In the circumstances Hague v. Committee for Industrial Organization, supra, can hardly be considered decisive of the case before us. Incidentally in the later case of Saia v. People of State of New York, 334 U.S. 558, 68 S.Ct. 1148, 92 L.Ed. 1574, which involved the use of a 'loud speaker' in a public park, Mr. Justice Jackson dissented and made the following observation concerning the quotation from Mr. Justice Roberts' opinion in the Hague case: 'The case of Hague v. C. I. O., 307 U.S. 496, 59 S.Ct. 954, 83 L.Ed. 1423, cannot properly be quoted in this connection, for no opinion therein was adhered to by a majority of the Court.
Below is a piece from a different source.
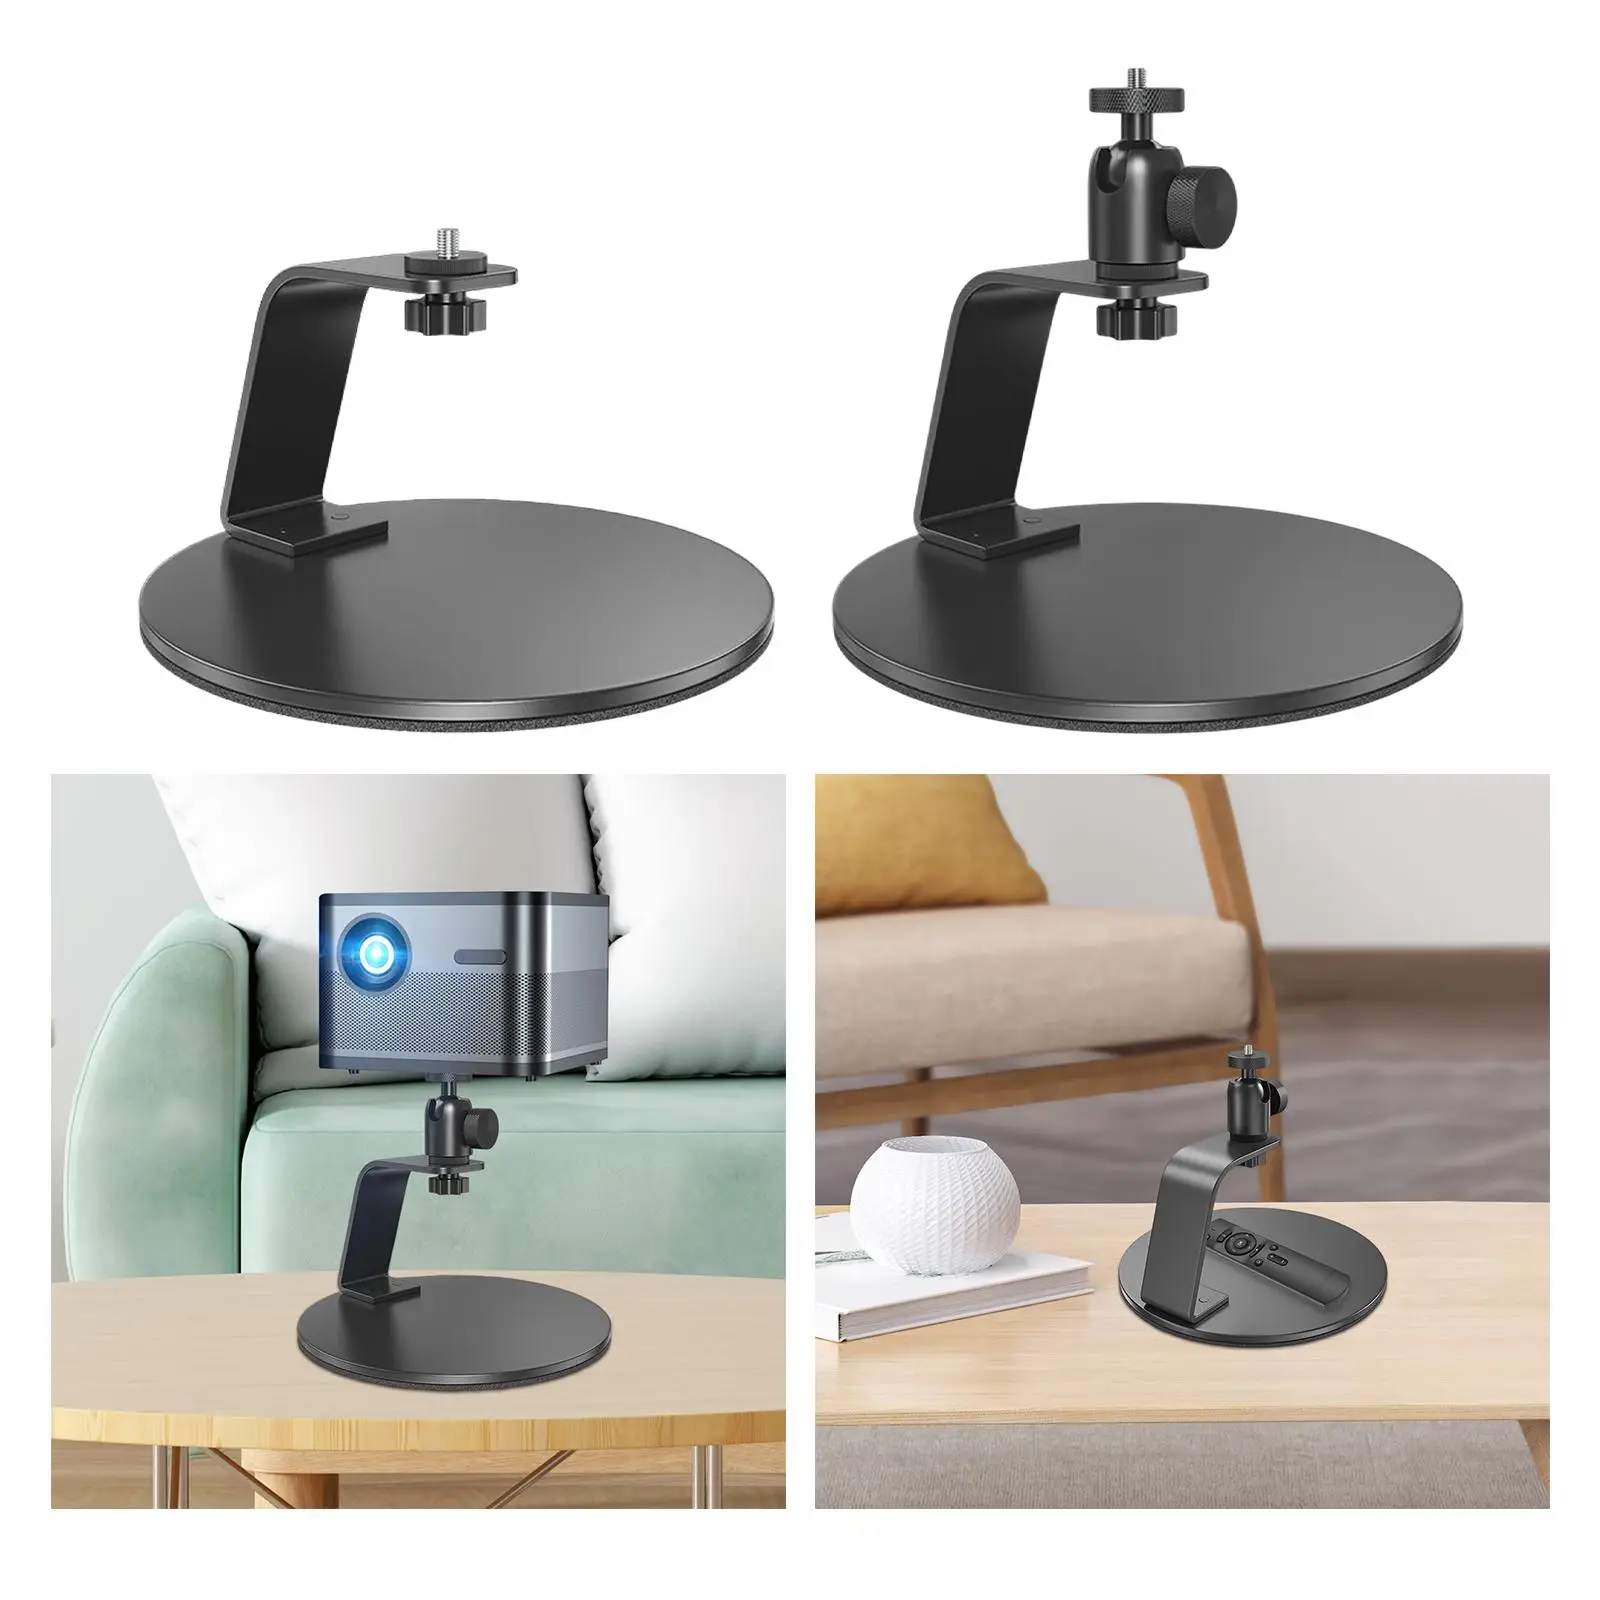 Desktop Projector Stand 360Swivel Adjustable Universal Removable Space Saving Portable Mount Stand for Bedroom Home J7 G7 x3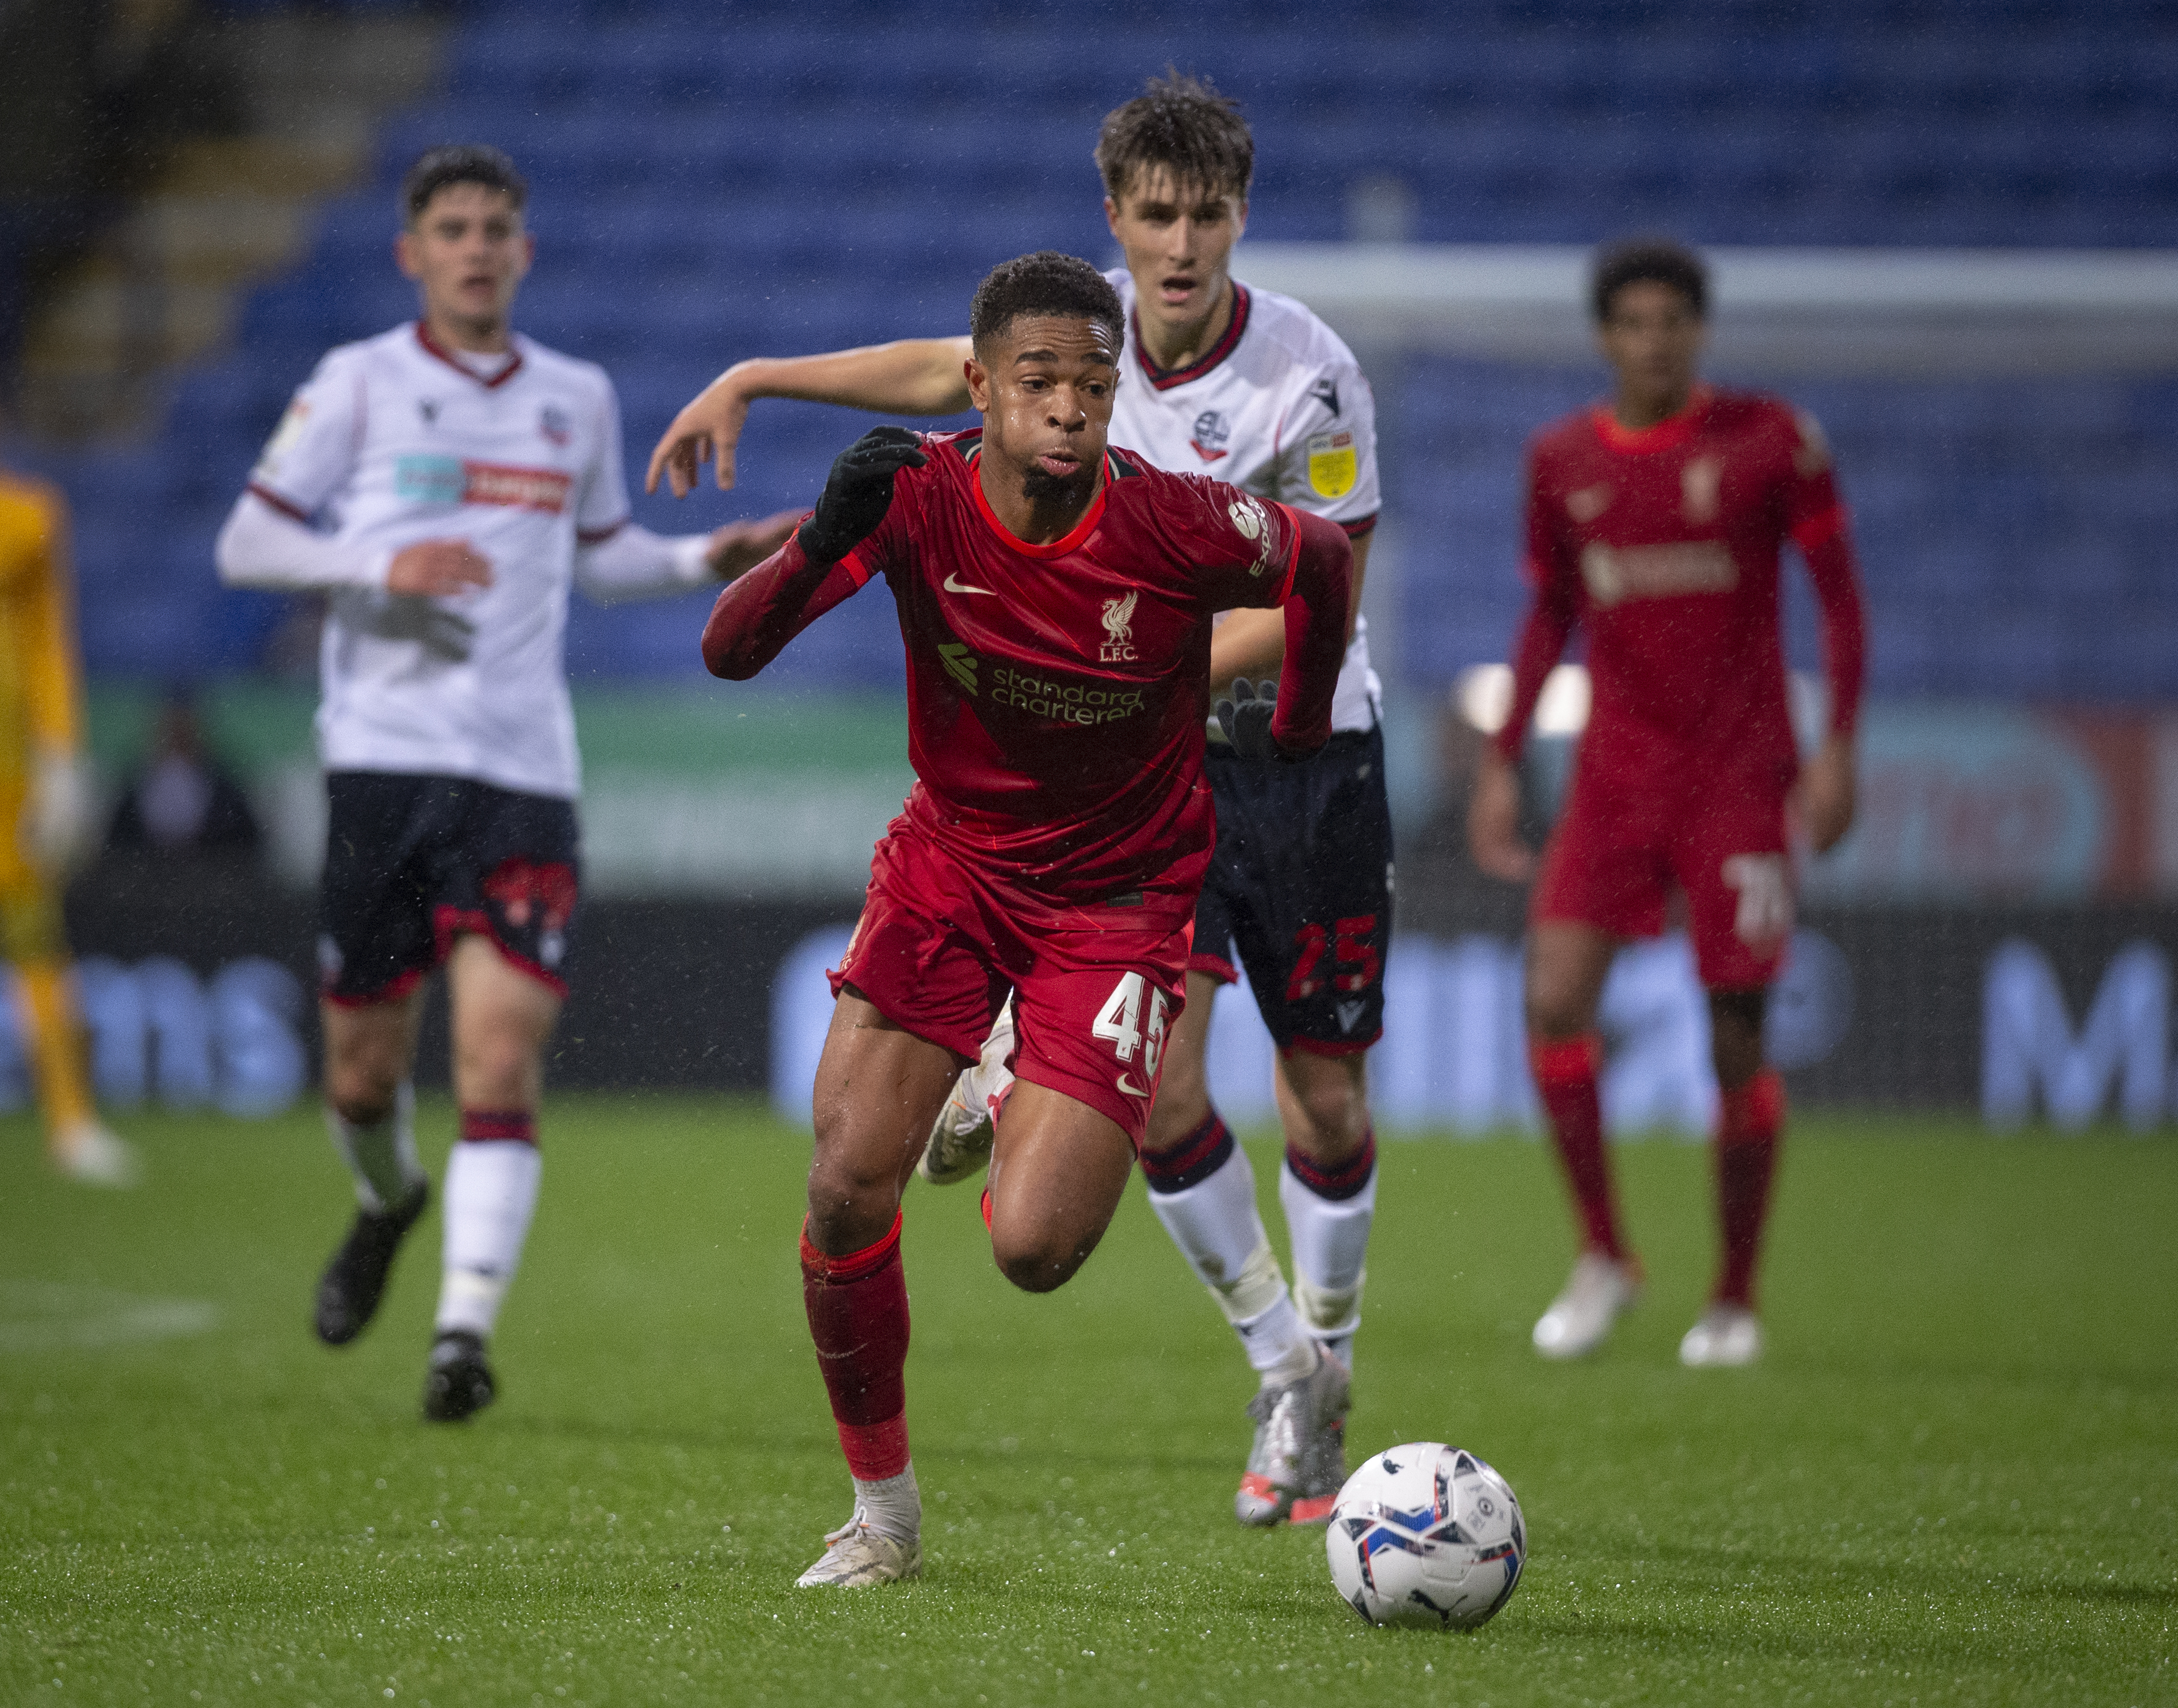 Elijah Dixon Bonner of Liverpool and George Thomason of Bolton Wanderers in action with Jarrell Quansah of Liverpool and Arran Pettifer of Bolton Wanderers during the Papa John’s EFL Trophy Northern Group D match between Bolton Wanderers and Liverpool U21’s at University of Bolton Stadium on October 5, 2021 in Bolton, England.

The quotation in the Court's opinion today had the support of only two Justices, with a possible third. The failure of six or seven Justices to subscribe to those views would seem to fatally impair the standing of that quotation as an authority.' 334 U.S. 558, 568, 68 S.Ct. 1148, 1154, Footnote 1. If notwithstanding such criticism, the previously-quoted language of Mr. Justice Roberts in the Hague case, supra, is to be deemed as binding authority impliedly overruling Davis v. Commonwealth of Massachusetts, supra, a great service to state courts would be performed if the supreme court itself would make that overruling clear and definite so that courts would have no reason to be misled in the future. We cannot safely rely upon some other court's interpretation of the language and effect of that case. So long as the Davis case stands without being specifically overruled by the supreme court itself, it is difficult for us to say that an ordinance substantially the same as the one involved in the Davis case is nevertheless unconstitutional beyond a reasonable doubt.

The defendant, however, points to Saia v. People of State of New York and Niemotko v. State of Maryland, supra,...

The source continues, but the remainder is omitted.